## Information shown
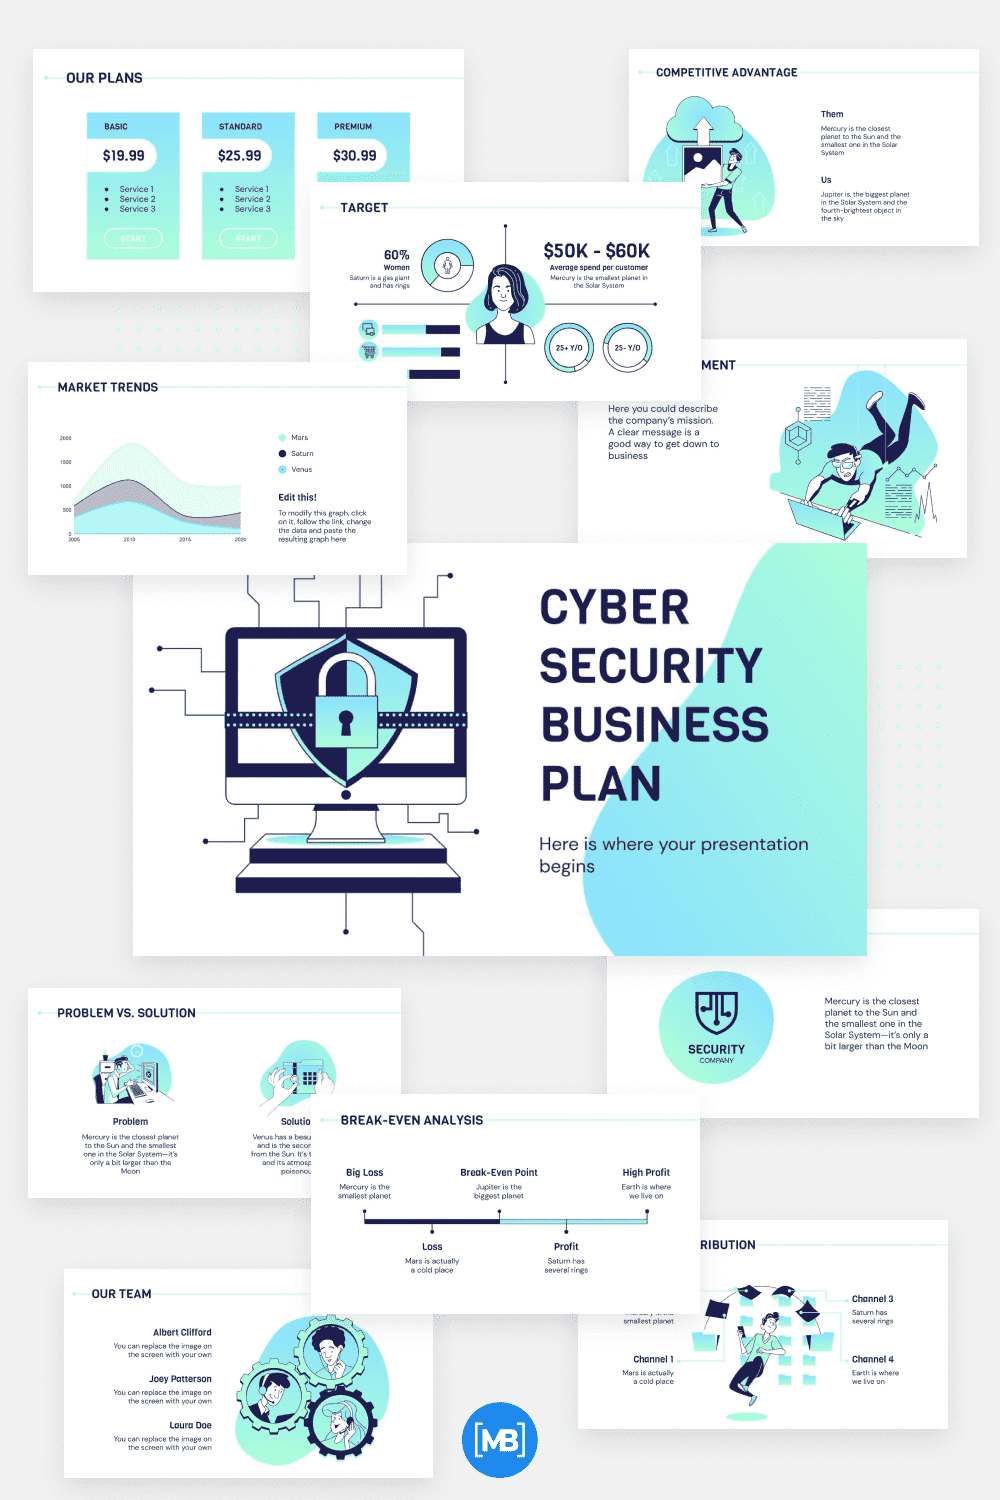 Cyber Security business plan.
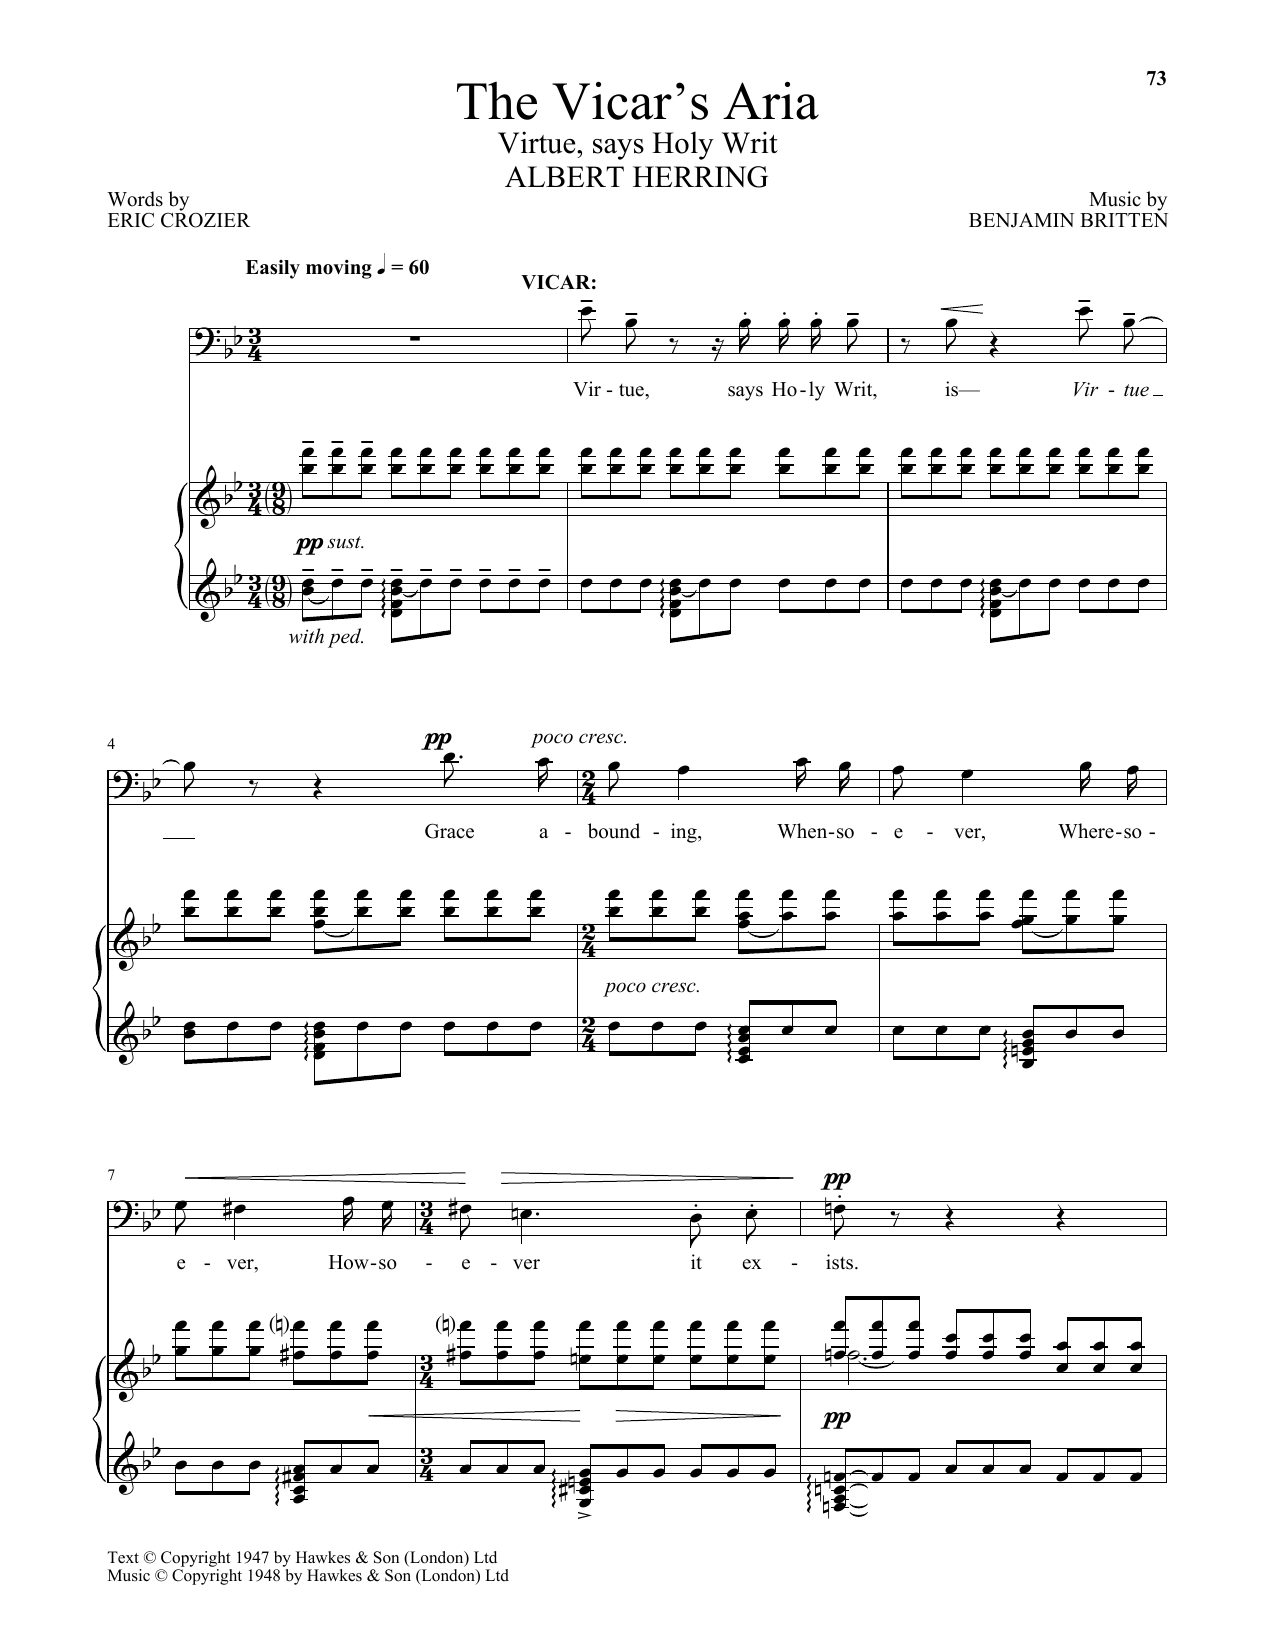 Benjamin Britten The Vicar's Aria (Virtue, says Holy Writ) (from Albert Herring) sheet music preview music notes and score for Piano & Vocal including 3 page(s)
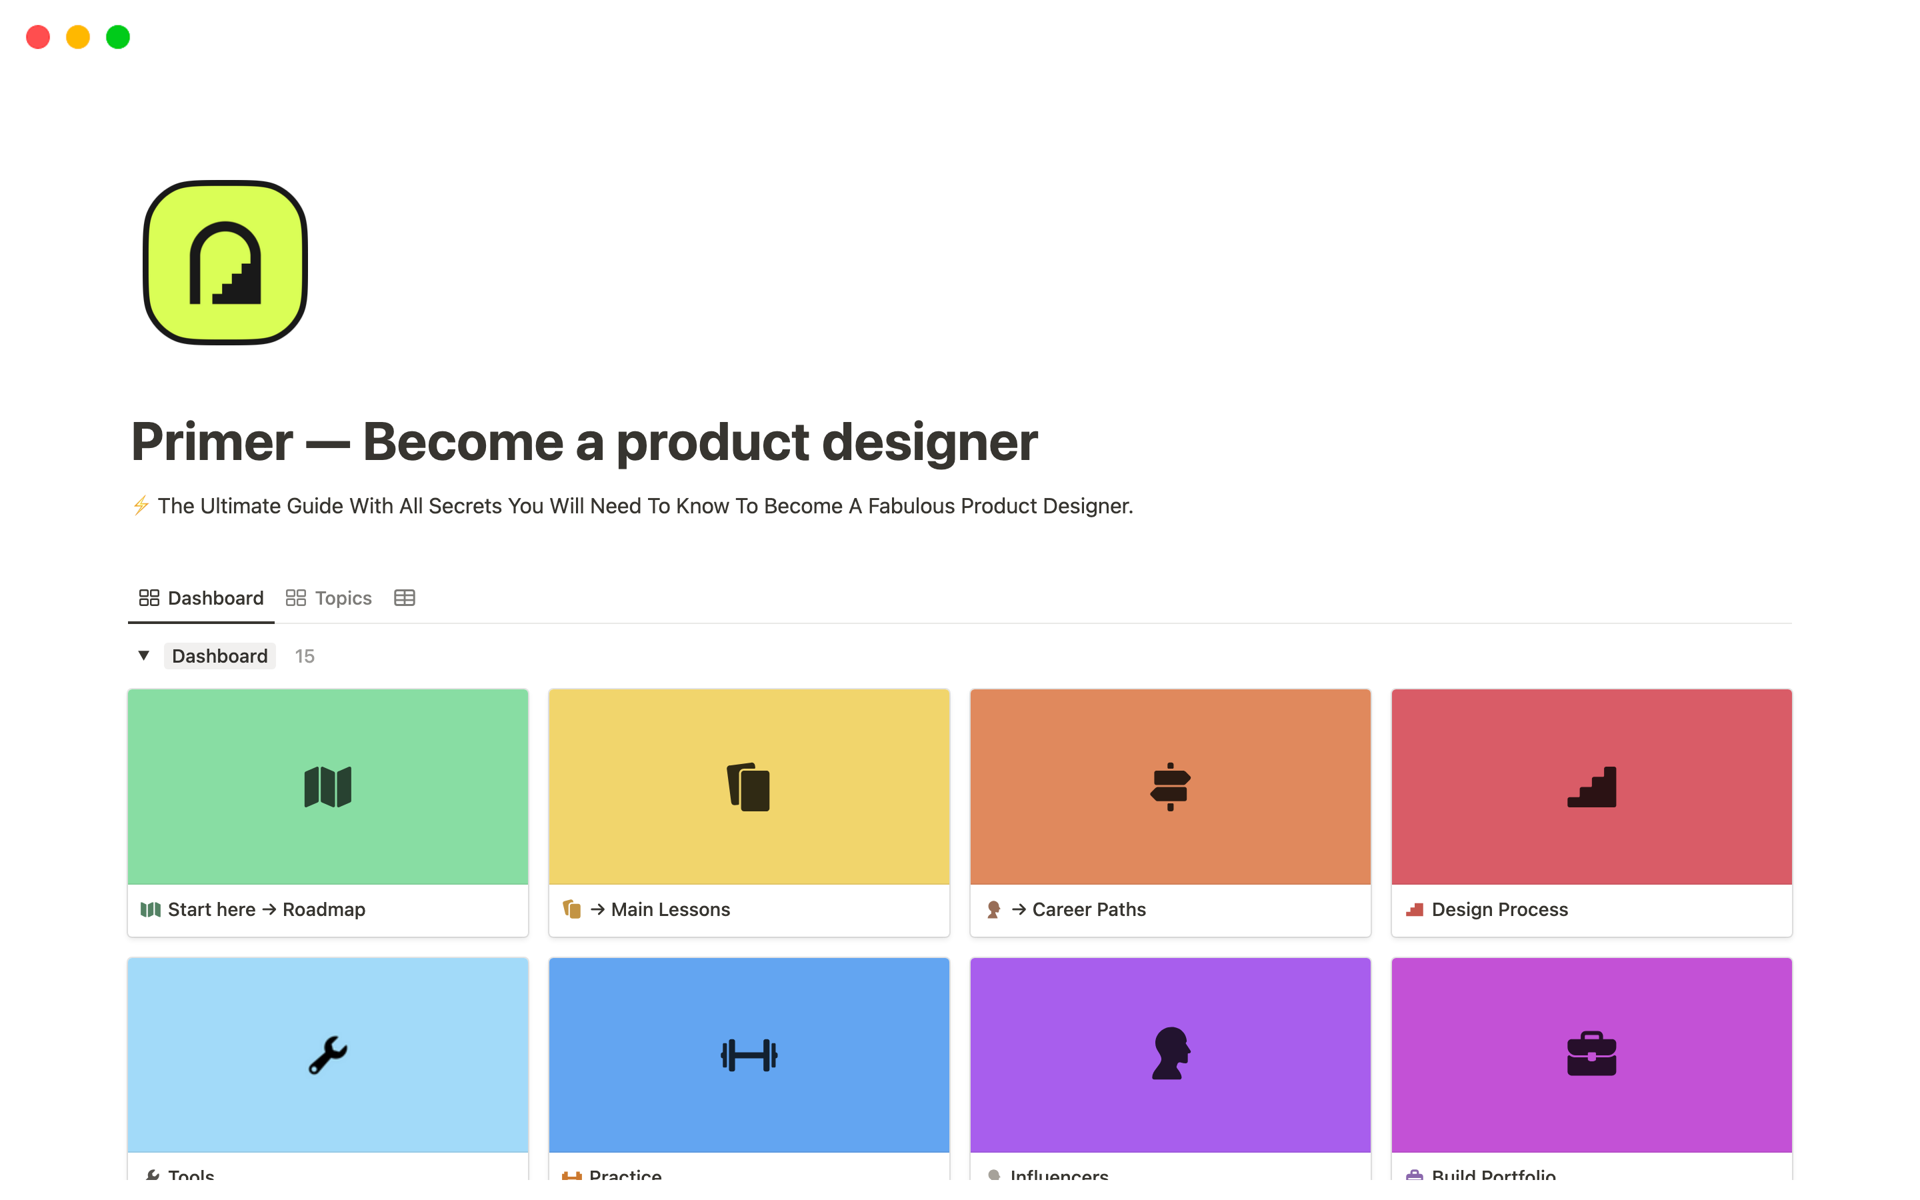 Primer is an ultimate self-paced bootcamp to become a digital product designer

## Prompt
The lines above should be transcribed exactly, with every image removed.

## Answer section
 Cyber Security business plan.
 Benjamin Britten The Vicar's Aria (Virtue, says Holy Writ) (from Albert Herring) sheet music preview music notes and score for Piano & Vocal including 3 page(s)
 Primer is an ultimate self-paced bootcamp to become a digital product designer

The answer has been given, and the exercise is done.